The Nigeria Incentive-Based Risk Sharing System for Agriculture Lending (NIRSAL), with the mandate to facilitate seamless flow of affordable financing to all players along the entire agricultural value chains and pare the risks of financing institutions granting agricultural loans through capacity enablement for banks and value chain actors, has failed in a self-defeating manner.
Failing the test of true commitment to the course for which it was established as in contrast to de-risking the process, it has withheld the sum of N342 million approved by the Central Bank of Nigeria (CBN) under the Anchors Borrowers Programme (ABP) for a southwest maize farmers’ cooperative, Hope Concept Investment Cooperatives and Credit Union, to commence production for the rainy season planting.
Over two weeks after the CBN credited NIRSAL with N246, 523,120 as first tranche of the payment for onward remittance to farmers, who have been in earnest wait of the federal intervention fund, the system has kept them circumventing a circle of trainings, workshops and town hall meetings, which were out rightly unnecessary since the CBN had dotted the i’s and crossed the t’s before disbursement.
A CBN credit advice note dated 18th and 19th July with the reference no MDC1820000099/BNK reads “BNG RELEASE OF FUNDS FOR 1ST TRANCHE DISB IFO HOPE CONCEPT MAIZE FARMERS IN OGUN THRU NIRSAL UNDER ADP, DFD/ABP/GEN/INT/006/058 DD170718.”
The NIRSAL’s operational office in Abeokuta where the fund was transferred following mounting pressure by farmers was dragging feet to do the needful on the excuse that authoritative signal from its head office in Abuja was not giving the needed directive to take the next step of transferring the money to the appropriate account.

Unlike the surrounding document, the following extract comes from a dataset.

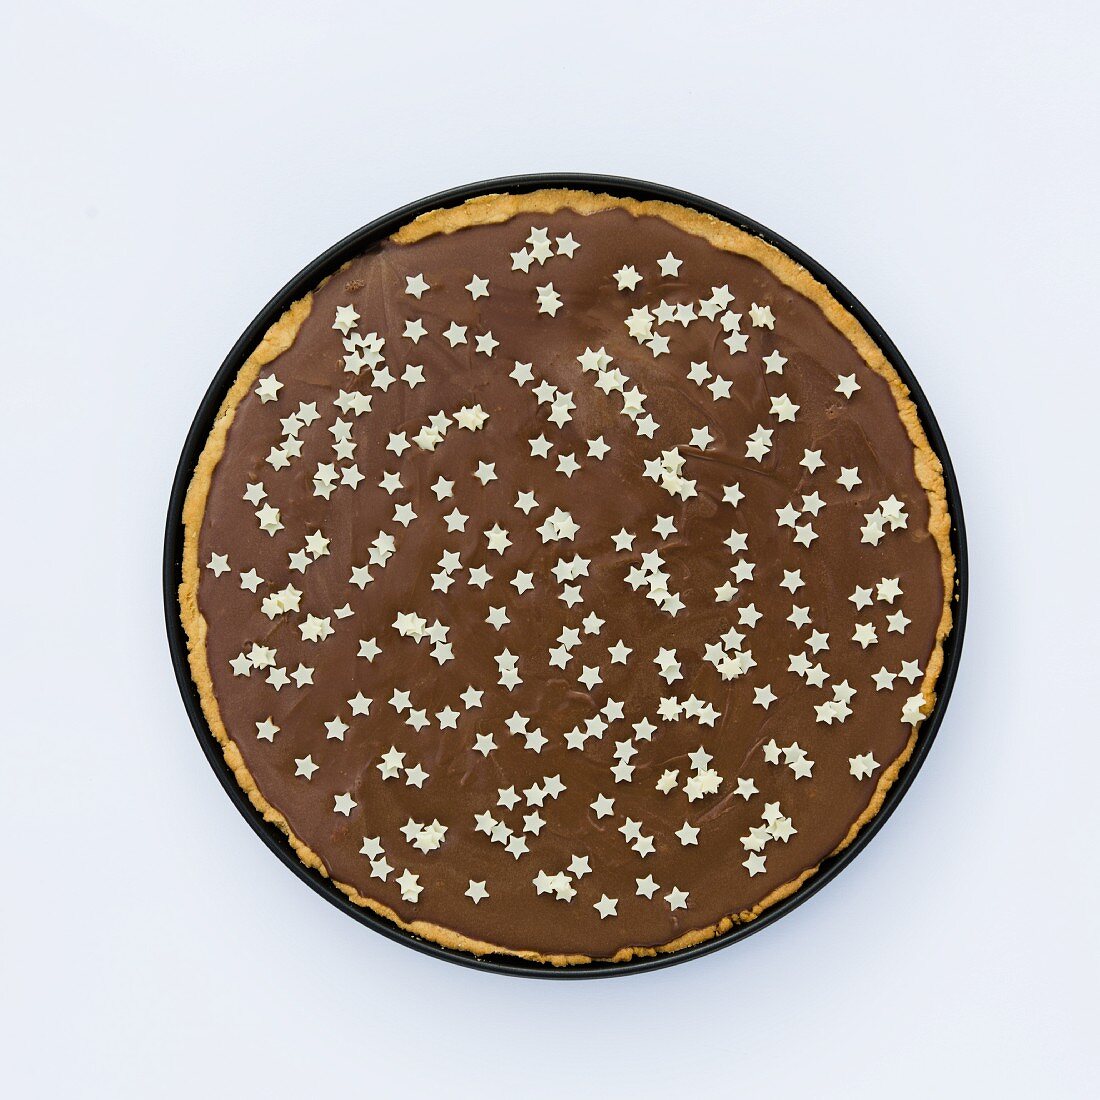 Tarte Au Chocolat mit kleinen weißen Sternchen als Deko (Draufsicht)

The implication of this risk-generating disposition of the NIRSAL is that the farmers will be endangered in a number of detrimental ways. They will lose out on the opportunity to grow under rain-fed condition and eventually expend huge cost on irrigation. They will likely be confronted by lower yield per hectare, compounded production cost, weakening of the potential for the loan repayment, all of which combine to puncture the confidence of off-takers in sourcing raw materials locally.
Before the CBN deemed the cooperative fit of accessing the N342 million, several background checks on the mechanisation status of the farmland, the bank verification numbers of individual farmers, the authenticity of the factory of the anchor that would off-take the produce were conducted to the satisfaction of disbursement standards. Upon approval of the group’s request, the group also fulfilled the payment of a requisite N16 million equity counterpart funding, which is 5 percent of the financing.

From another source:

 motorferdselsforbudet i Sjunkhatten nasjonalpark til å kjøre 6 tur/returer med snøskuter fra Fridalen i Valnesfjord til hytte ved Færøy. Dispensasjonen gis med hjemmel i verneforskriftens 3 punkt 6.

“The record of CBN has started counting from the day the fund is released. So if they are not releasing the fund to farmers for their use and keeping it with them, it is the farmers that will still have to pay the interest for those days lost. They say they want to help the farmers but they only come and take advantage of them and then it’s just a vicious circle,” said a source.
“We have done town-hall meetings. All those are conditions precedent. Town-hall meetings, farmers’ verification, BVN verification, land verification and even factory inspection of the person who is off-taking to be sure that he/she even has a factory. What NIRSAL is doing is just a waste of time. It is the CBN that is the head of the project management. So whatever they are doing now and are not bringing CBN in just shows that they are doing what is not right because everything has been met. If they were not met, the CBN will not release the fund.
“These people have a cooperative structure already and it’s a self-governing organization. By now they should be applying pesticides and herbicide on the farm. The off-takers are also monitoring this project because there is a certain time that they are supposed to off-take. These big companies do planning for their procurement and if the maize does not get out at the time they had planned, they will have to buy in the open market, which damages their confidence about the cooperative,” the source added.
Maize is a food crop that takes 90 to 100 days to mature from the day of planting depending on the varieties and these should fall within the raining seasons. The farmers have completed their land clearing procedure early and are waiting for NIRSAL to lift its butt off the money.
Meanwhile, business a.m. also found out that the southwest region is not the only region suffering from this anomaly of NIRSAL as the case of withholding of a N1 billion intervention fund was recorded in Owerri, Imo State and another in Delta State. It appears an unwritten rule by which the system operates, which is absolutely counter-productive to development of the agriculture sector.
From the late turn of event, farmers are apprehensive that the withholding might linger and outpace remedy.
NIRSAL, an offshoot of CBN, meant to de-risk bank lending to agricultural projects, came on board during the tenure of Sanusi Lamido Sanusi as the CBN governor. Both Sanusi and Akinwumi Adesina (the current AfDB president) helped establish the NIRSAL shortly before the latter was appointed the minister of agriculture in Nigeria. NIRSAL was moved out of CBN, given a distinct status and got a chief executive officer to direct its affairs.